Researchers adopting a constructivist approach are also likely to use qualitative methods. This might involve examining dialogue in social interactions—for example, to identify ways in which talk is used to construct the idea that increased physical activity is desirable and necessary, and to suppress alternative ways of construing the situation of the obese individual. These processes could be linked to analysis of how questions of social accountability, such as blame and guilt, are managed in interactions related to reducing obesity. Adopting a ‘critical’ stance, a constructivist might ‘deconstruct’ the concept of obesity prevention, questioning definitions of ‘normal’ or ‘irresponsible’ eating behaviour, or challenging the construction of obesity as the consequence of a failure of control by the individual over eating behaviour, rather than as the consequence of social policies and practices (such as replacement of manual with sedentary work, and the dominance of motorized over pedestrianized ways of life). In summary, aims of critical constructivist analyses might include analysing how power is negotiated in interactions between providers and recipients of interventions, questioning the functions of the discourses and social practices surrounding obesity and its management, and allowing the recipients of interventions to voice their views and reflect upon how these may relate to their own aims and agendas. Like the interpretive approach, this type of analysis can serve the valuable function of revealing the implicit assumptions and aims of the providers of the interventions and how these may differ from those of participants.

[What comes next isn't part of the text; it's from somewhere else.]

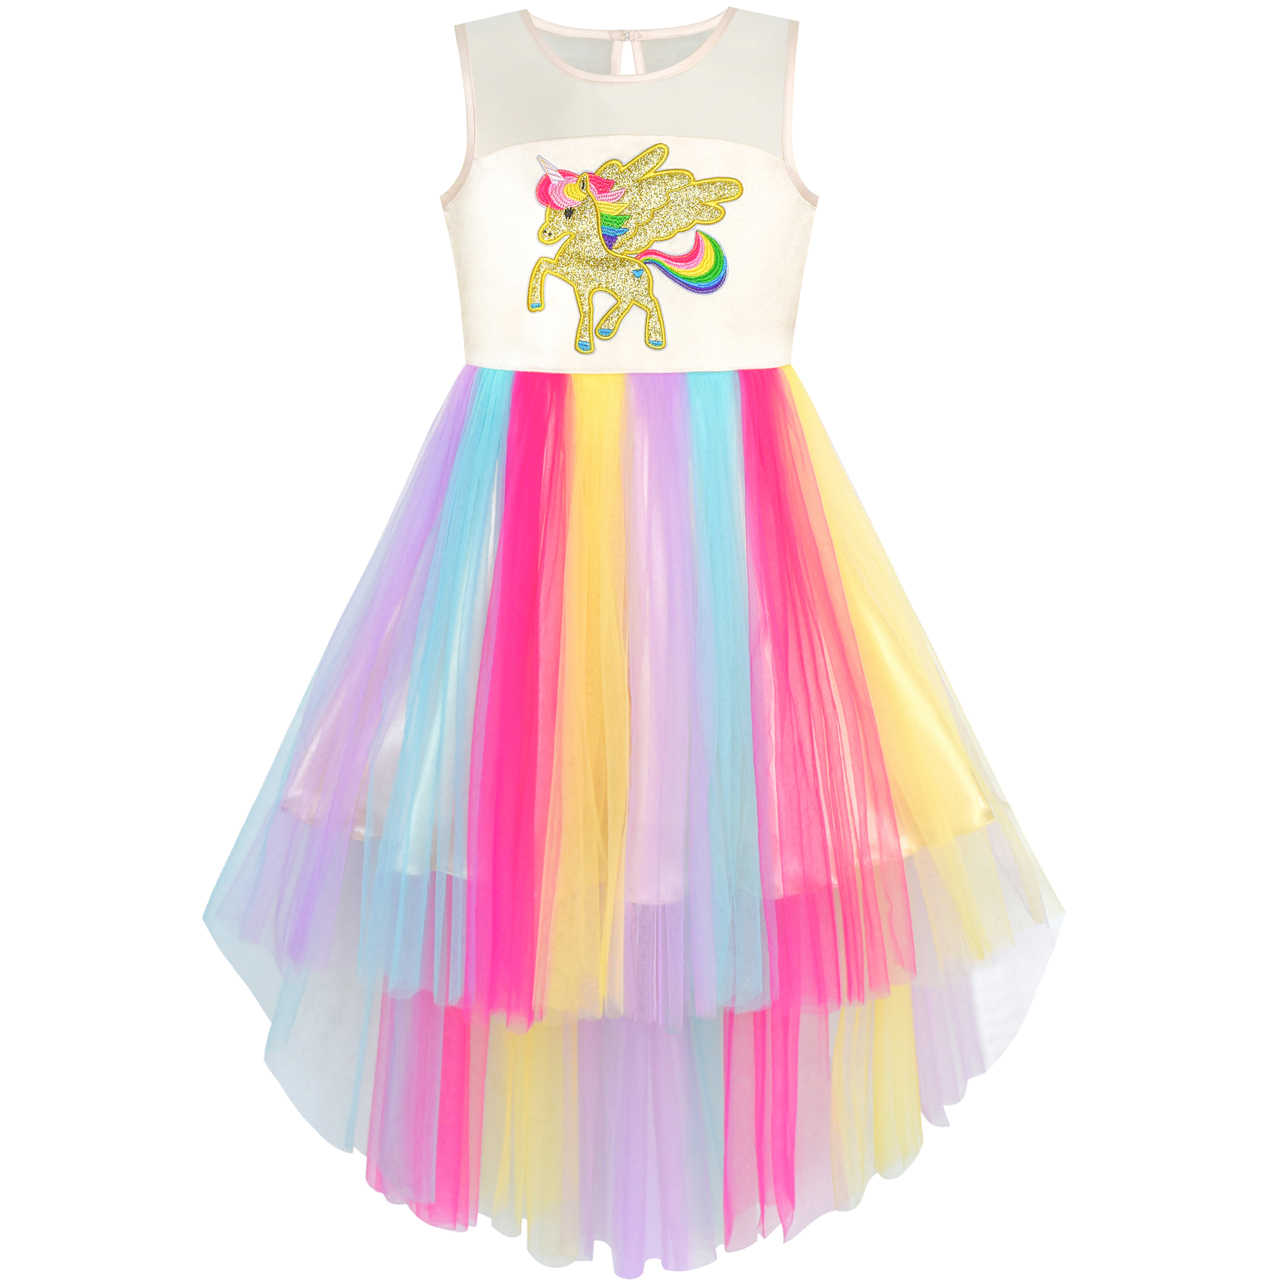 8493a34f5eab5 Girls Dress Embroidered Unicorn Rainbow Halloween Costume 2019 ...

Health Services Research: Multidisciplinary and Multiple Approaches
The example just discussed has hopefully highlighted some of the key characteristics of HSR. The background to the issue of lack of physical activity leading to weight gain in Western populations has been derived from epidemiological studies. The positivist and realist approaches take as their broad aims the prediction and explanation of physical activity, with a view to intervening to promote physical activity. The interpretive approach aims to highlight the personal and social meanings attached to physical activity and participation in a trial to promote physical activity. The constructivist approach aims to investigate the functions of discourses and practices related to physical activity and obesity, on the part of physicians, patients and researchers. These multiple approaches can then be used to inform the desirability and effectiveness of any changes in physical activity likely to be brought about if the intervention was more widely implemented. The evaluation of the intervention would depend on not only these considerations, but also the likely reduction in disease and ill-health, based on epidemiological models of how increases of physical activity are likely to affect prevalence of disease. Economic considerations will also be relevant, balancing the likely individual and population benefits against the costs of any intervention, and specifically against the opportunity costs of benefits that are likely to accrue if the money that could be spent on such an intervention was spent on other health care services.